Hi everyone,
I got into MiniZinc some weeks ago and am super fond of it. My main purpose was to solve a pretty annoying scheduling problem my department faces each year, spending weeks to solve it (partially). I tride to solve this in MiniZinc, but run into some complexity (?) issues.
Here is the main setting:
- I have a certain number of students
- They rank 7 topics in order of preference
- They will be assigned 4 of such topics
- The groups have a minimal/maximal size (but there may be various groups on the same topic)
- There is 4 time slots available in the timetable for all of these
I need to... get something workable out of it.
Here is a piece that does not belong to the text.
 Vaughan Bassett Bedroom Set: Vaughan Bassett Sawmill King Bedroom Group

The most obvious constraints are:
- students cannot attend two topics at the same time
- various topics groups cannot be at the same time (only one teacher)
- we would like to maximize the satisfaction of the problem (but in fact, it would be already pretty good to have just a possible situation)
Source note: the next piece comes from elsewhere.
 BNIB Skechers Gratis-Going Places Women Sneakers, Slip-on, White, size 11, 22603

After many trials and errors, and some insights from colleagues of the Coursera course on MiniZinc, I ended up having a (barely working) model to assign each student to a topic, but of course this neglects the true scheduling problem (compatibility for both students and teachers, even though it would work with enough teachers).
I would like to know if I am missing obivous extra structures or constraints I may add to speed it up enough to get an answer.
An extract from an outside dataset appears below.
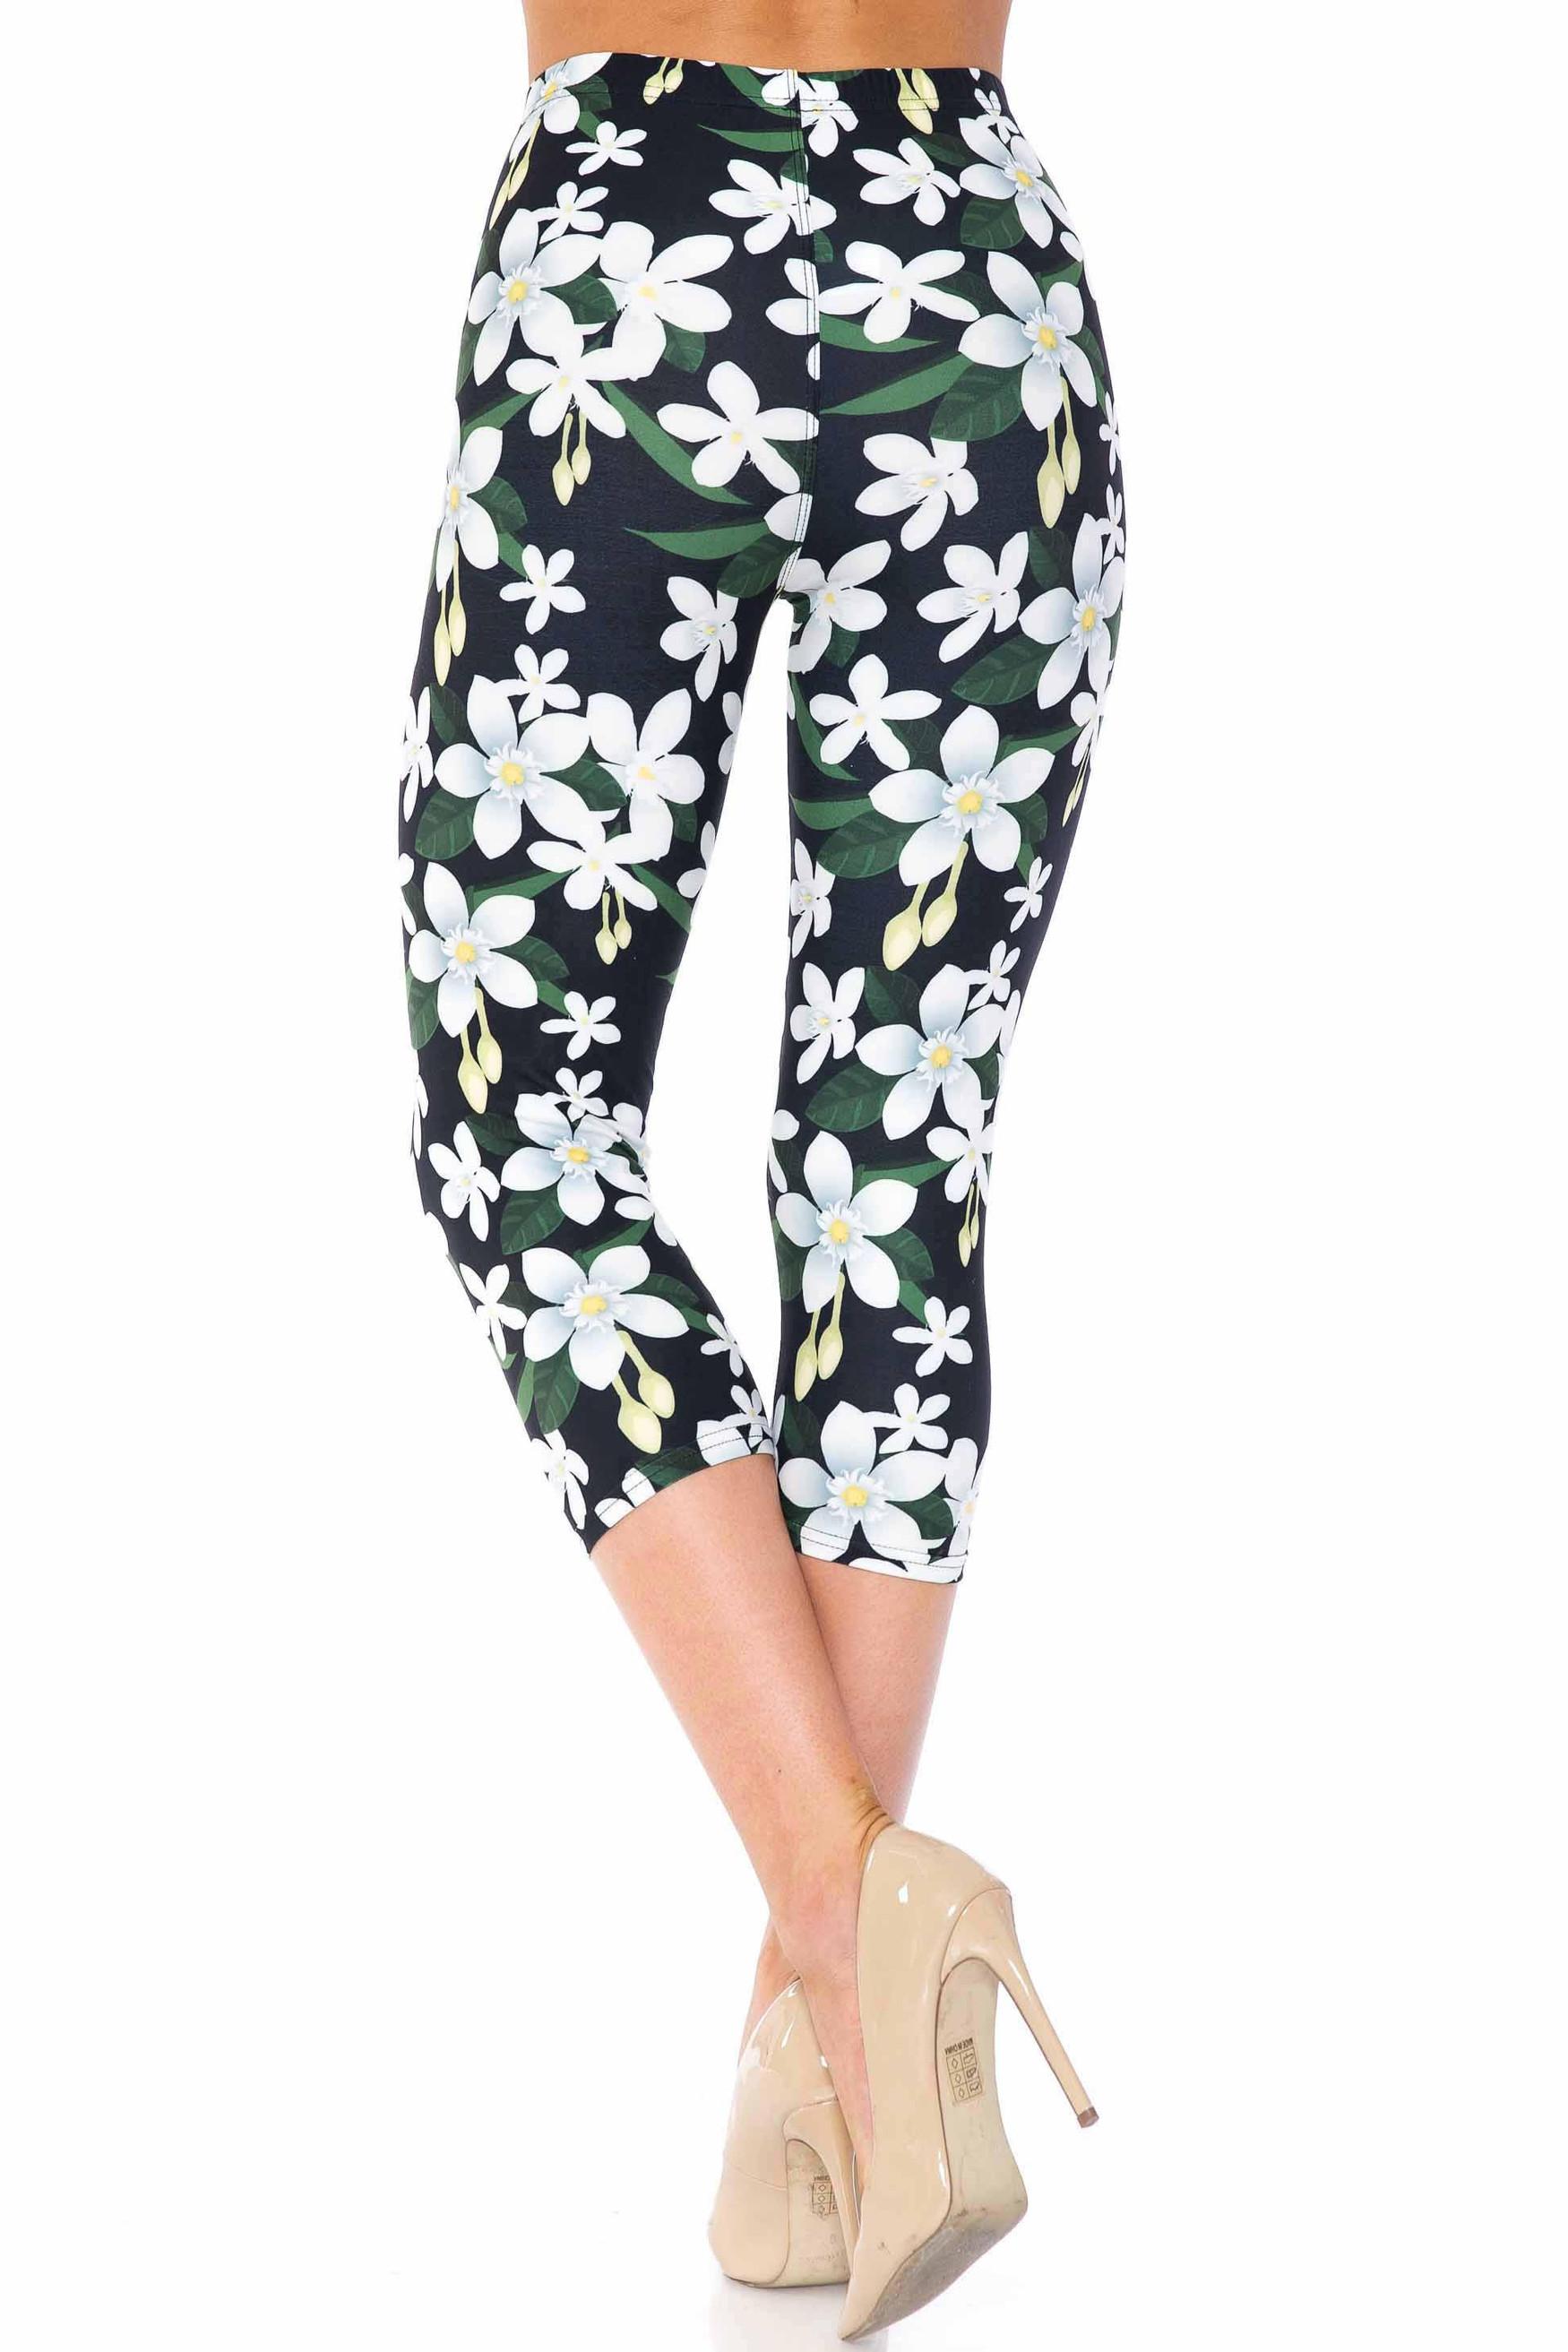 Creamy Soft Daisy Bloom Capris - USA Fashion™

Here is the current model:
==============
% PARAMETERS
int: n; % number of students
set of int: STUDENTS=1..n;
int: m; % number of topics
int: g=5; % number of instances of each course
set of int: PREFERENCE=1..m;
set of int: TOPICS=1..g*m; % different topics (with instances)
int: c; % number of courses each student will take
int: maxseats; % number of seats available per course max
int: minseats; % number of seats minimum per course
int: timeslots; % possible time slots for the courses
set of int: TIMESLOTS=0..timeslots;
array[STUDENTS,1..m] of PREFERENCE: preference; % ranking of topics by each student
array[STUDENTS, PREFERENCE] of TOPICS: prefRank = array2d(STUDENTS, PREFERENCE, [rank
| student in STUDENTS, p in 1..m, rank in 1..m where preference[student, rank] == p]);
array[STUDENTS,1..c] of var PREFERENCE: courseRank;
constraint % channeling constraint to obtain topic ranking
forall(student in STUDENTS, i in 1..c)(courseRank[student, i] = prefRank[student, topicToTopic(course[student, i])]);
% VARIABLES
array[STUDENTS,1..c] of var TOPICS: course; % topics assigned to each student
array[TOPICS] of var TIMESLOTS: schedule; % time slot assigned to topics
array[TOPICS] of var 0..maxseats: number; % number of people taking each course
constraint
forall (topic in TOPICS)(number[topic] = sum(student in STUDENTS, i in 1..c)(course[student,i] == topic));
% FUNCTIONS (to navigate between istances and topics)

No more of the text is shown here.